Industry Best Practice
Some of the biggest concerns surrounding AI ethics are privacy issues, data bias and discrimination, and transparency. Some large companies are taking measures to address these concerns.
Microsoft Responsible AI Standards
Microsoft's initiative, known as Microsoft Responsible AI Standards, defines six key principles for responsible AI development:
- Accountability: This principle includes reviewing AI systems to identify those with significant adverse impacts on individuals, organisations, and society. It ensures systems are fit for purpose, comply with data governance policies, and support informed human oversight. These objectives are achieved by adhering to guidelines for human-AI interactions during system design.
- Transparency: This involves three sub-goals: ensuring system intelligibility for decision-making, clarifying AI capabilities and limitations for informed stakeholder choices, and disclosing AI interactions to inform users when they are engaging with AI.
- Fairness: Fairness ensures AI systems provide equal quality service to all demographic groups, including marginalised ones.

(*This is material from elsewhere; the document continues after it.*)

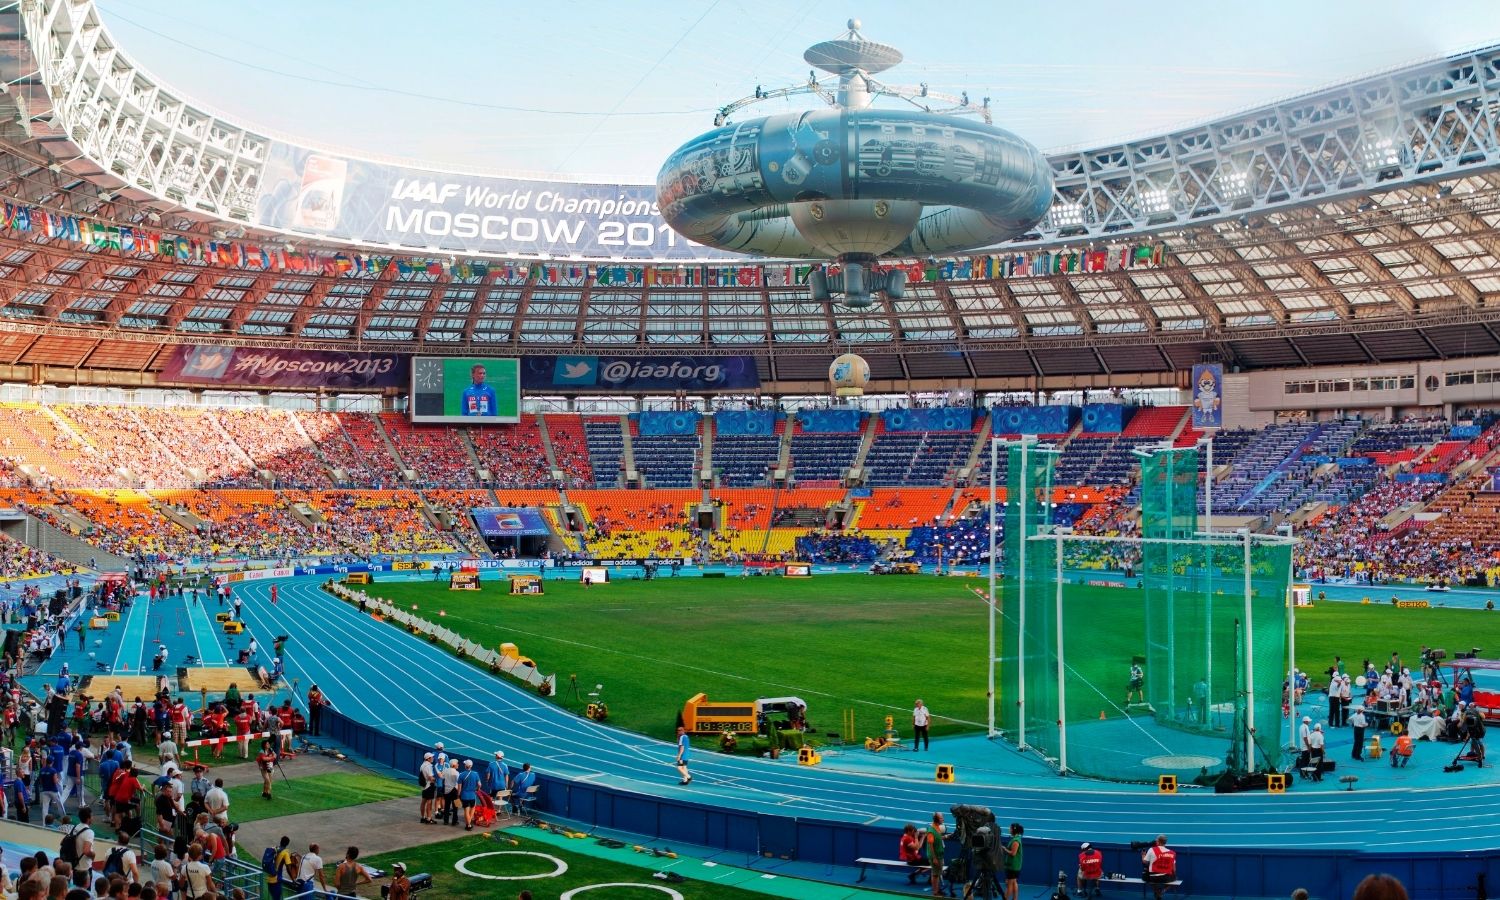 OTD in 2013: The 14th IAAF World Championships opened in Moscow

It mandates that resource allocation in essential domains minimises disparities in outcomes and reduces potential stereotyping or erasing of identified groups.
- Reliability and Safety: This involves creating and adhering to guidelines reviewed by safety experts and relevant literature. It includes interviewing customers to understand operational factors and designing systems to minimise failure remediation time through failure mode and effects analysis.
- Privacy and Security: This is ensured through Microsoft's existing compliance measures.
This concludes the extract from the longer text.